Runnicles, CSO team up for inspired program

Fri May 06, 2016 at 2:54 pm

By Lawrence A. Johnson

Donald Runnicles conducted the Chicago Symphony Orchestra in music of Britten, Strauss and Elgar Thursaday night. Photo: Simon Pauly
Donald Runnicles conducted the Chicago Symphony Orchestra in music of Britten, Strauss and Elgar Thursday night. Photo: Simon Pauly

“From death to life” could be the theme of this week’s Chicago Symphony Orchestra concert led by Donald Runnicles. Thursday night’s program began with two works centered on last things by Benjamin Britten and Richard Strauss.

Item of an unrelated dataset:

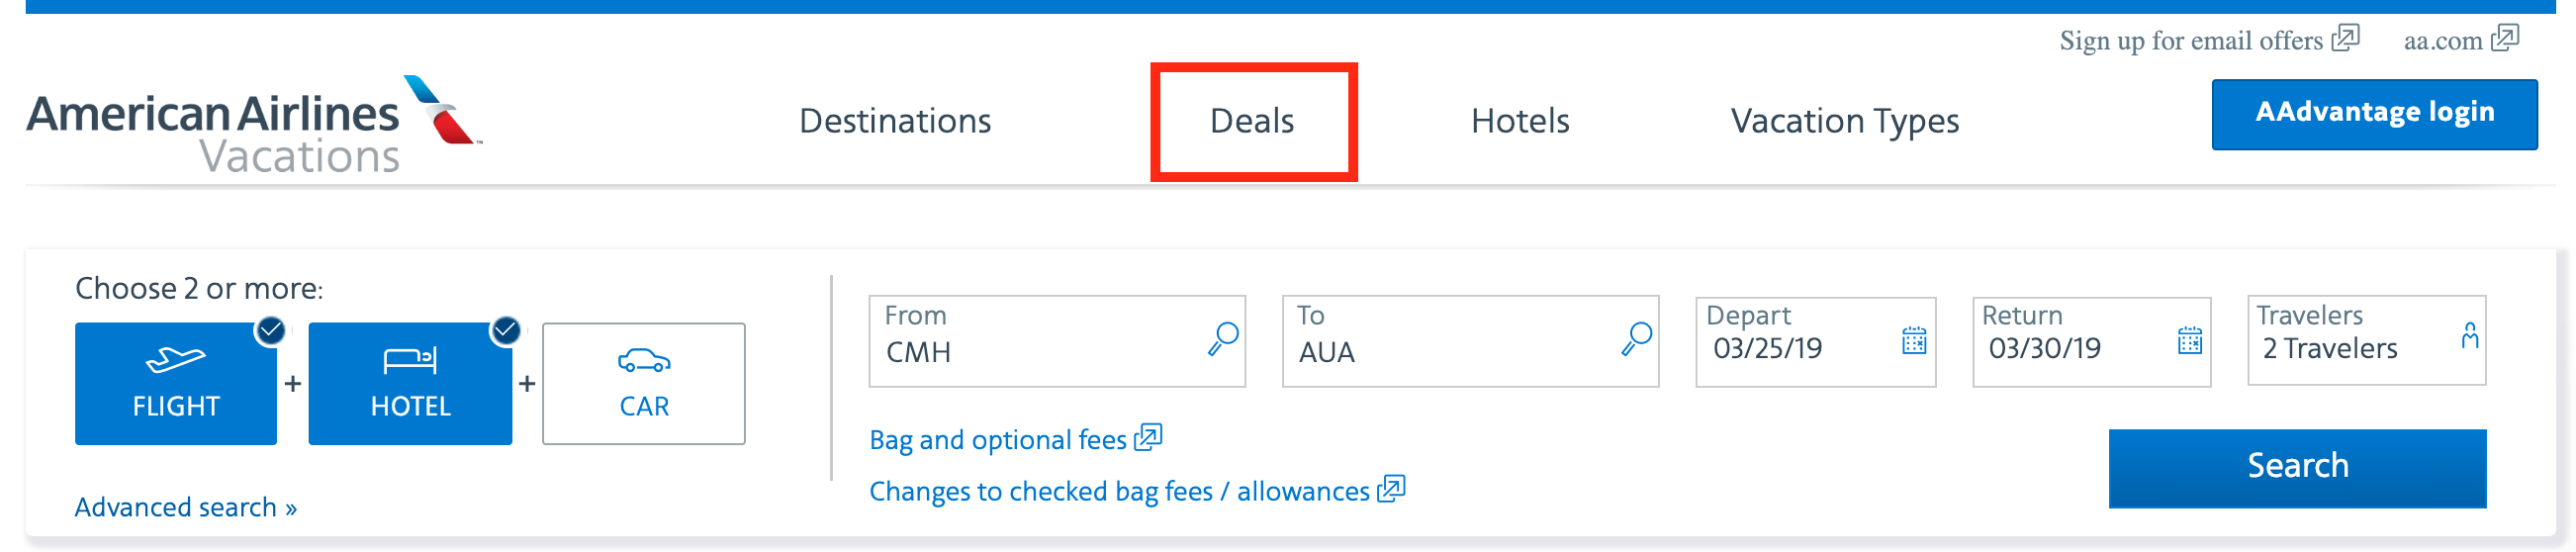 aa travel deals

Britten wrote his Sinfonia da Requiem in the U.S. in 1940 on a commission from the Imperial government of Japan, though the score was rejected for its explicitly Christian movement titles (ironic in hindsight due to Britten’s atheism). Despite bring written at great speed, the Sinfonia is among Britten’s finest works, wholly distinctive in its edgy drama and scoring in three concise, connected movements.

Currently general music director of Deutsche Oper Berlin and chef conductor of the BBC Scottish Symphony, Runnicles is as highly regarded in concert work as in the theater. A rare left-handed podium gun, the tall Scotsman is direct and unfussy in his gestures yet always seem to elicit consistently inspired results from the CSO.

From the sharp, penetrating timpani attack that opens the Sinfonia da Requiem, Runnicles led a lean, dramatic reading with a strong yet flexible grip on the long line. The Lacrymosa unfolded naturally with a grim inevitability, conveying the feel of unsettled dislocation. In the ensuing Dies Irae, the agitated energy was just as jarring with its strident, staccato trumpets. The plaintive threnody first stated by three flutes in the Requiem aeternam aptly conveyed the fragile, searching expression, with Runnicles and the orchestra finding a hard-won degree of solace at the coda.

Richard Strauss’s Tod und Verklärung (Death and Transfiguration) is, of course, an even more explicit depiction of mortal coil shuffling. In his final days, the aged composer wryly commented to his daughter-in-law, “It’s a funny thing; dying is just the way I composed it in Death and Transfiguration.”

Composed six decades earlier, Tod und Verklärung was one of Strauss’s first successful tone poems. The music vividly depicts a dying artist, reflecting the faltering heartbeat, reveries of childhood and youth and eventual moment of death.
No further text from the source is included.